My body occasionally shakes with crying, but I always swallow it down. I hurt for him, so much, knowing that this is what we’re both destined to go through over and over again. I love him, he loves me, and I wouldn’t want it to change at all other than to have us both be well. It’s a good relationship, and I feel an occasional swell of anger that experiences like these are regular footnotes that will continue on in the stories of our time together. And I also feel sorry I was ever angry at him. He’s got a fever, and my anger is misplaced and stupid, and he doesn’t deserve it. Now, after the fact, I almost hate myself for feeling it in the first place.

As I sit there looking down at him, I still see my slumbering superhero. This doesn’t change the way I look at him, the way I love him. He’s the same person he’s always been, my Anon, my dear, sweet, strong Anon. And I still know that, when I’m afraid, I’ll still ask him the scare the monsters out from underneath our bed.

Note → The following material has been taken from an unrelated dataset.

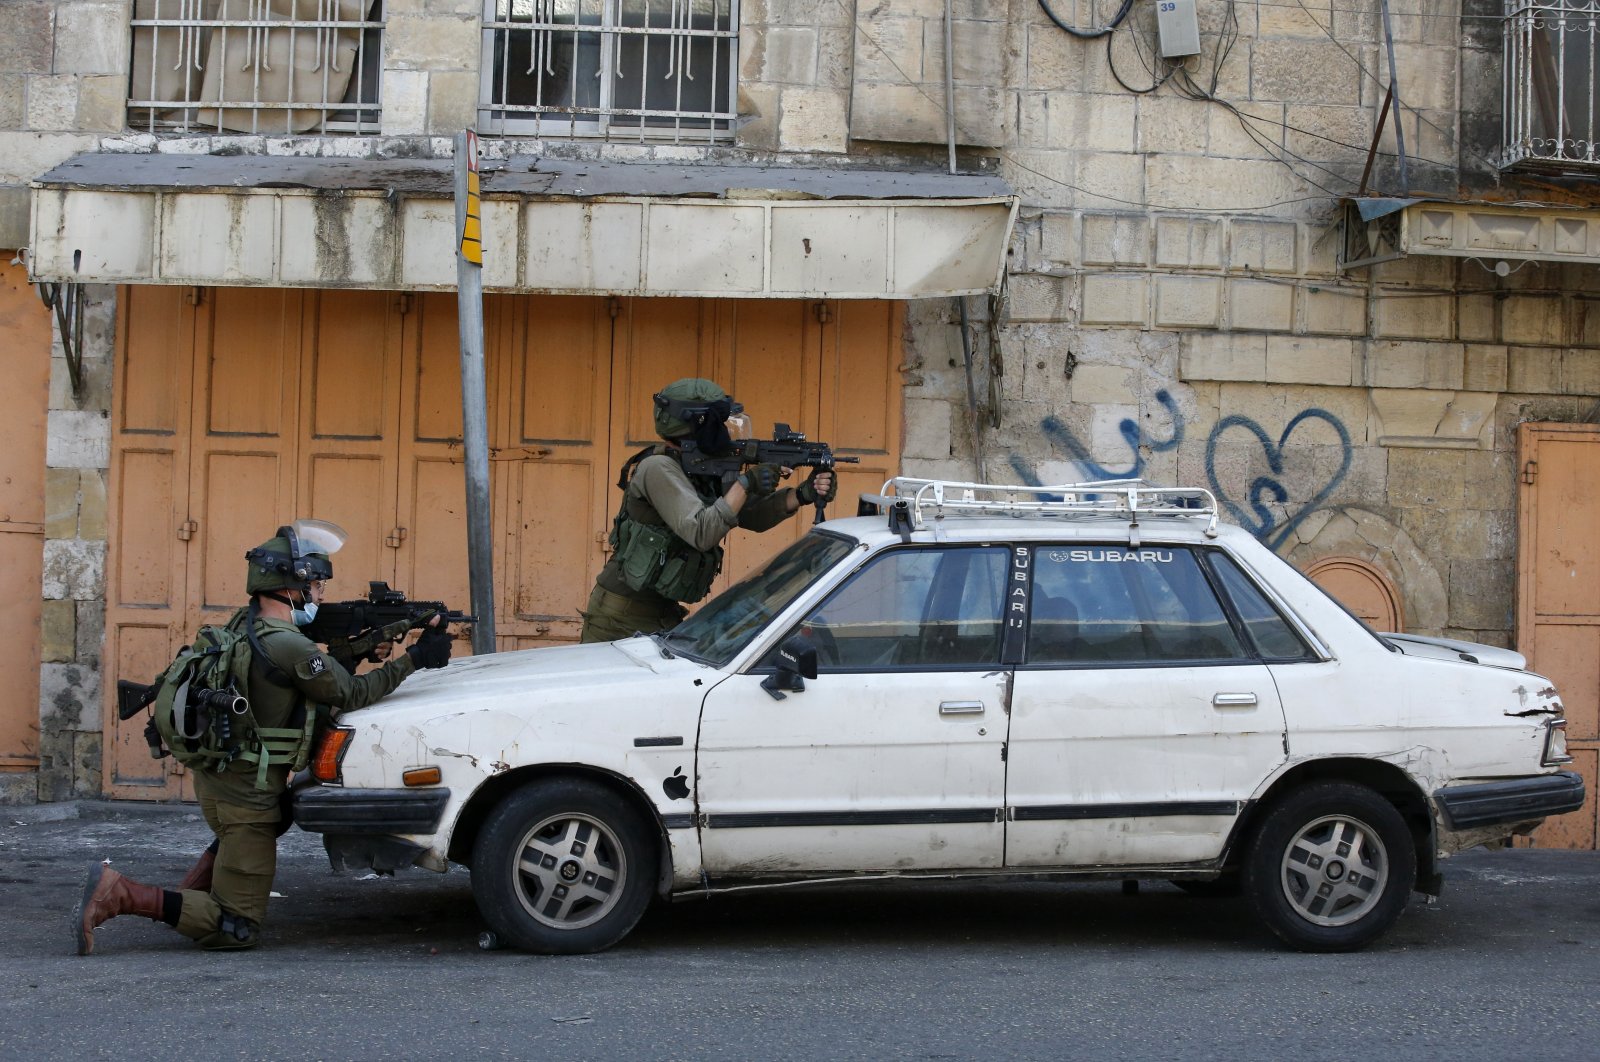 Israeli security forces aim their weapons amid clashes with Palestinian protesters in the Israeli-occupied West Bank town of Hebron, Sept. 25, 2020. (AFP Photo)

It's Just that as he's lying there, peacefully, he’s deceptive in a way. I never for an instant forget that my body is broken. I can never forget that I can sense it dying around me like a shell I can’t shed. I can pretend, sure, but I never really forget. But with him, my life is so good and so wonderful, full of joy and new experiences. It barely feels real, like I might be dreaming and horrifyingly wake up to find I’m alone again, as I always have been.

It’s all so seductively deceptive, my dearest Anon, that sometimes I have a brief, blissful moment where I forget you are sick.

I won’t forget tonight. Maybe ever again.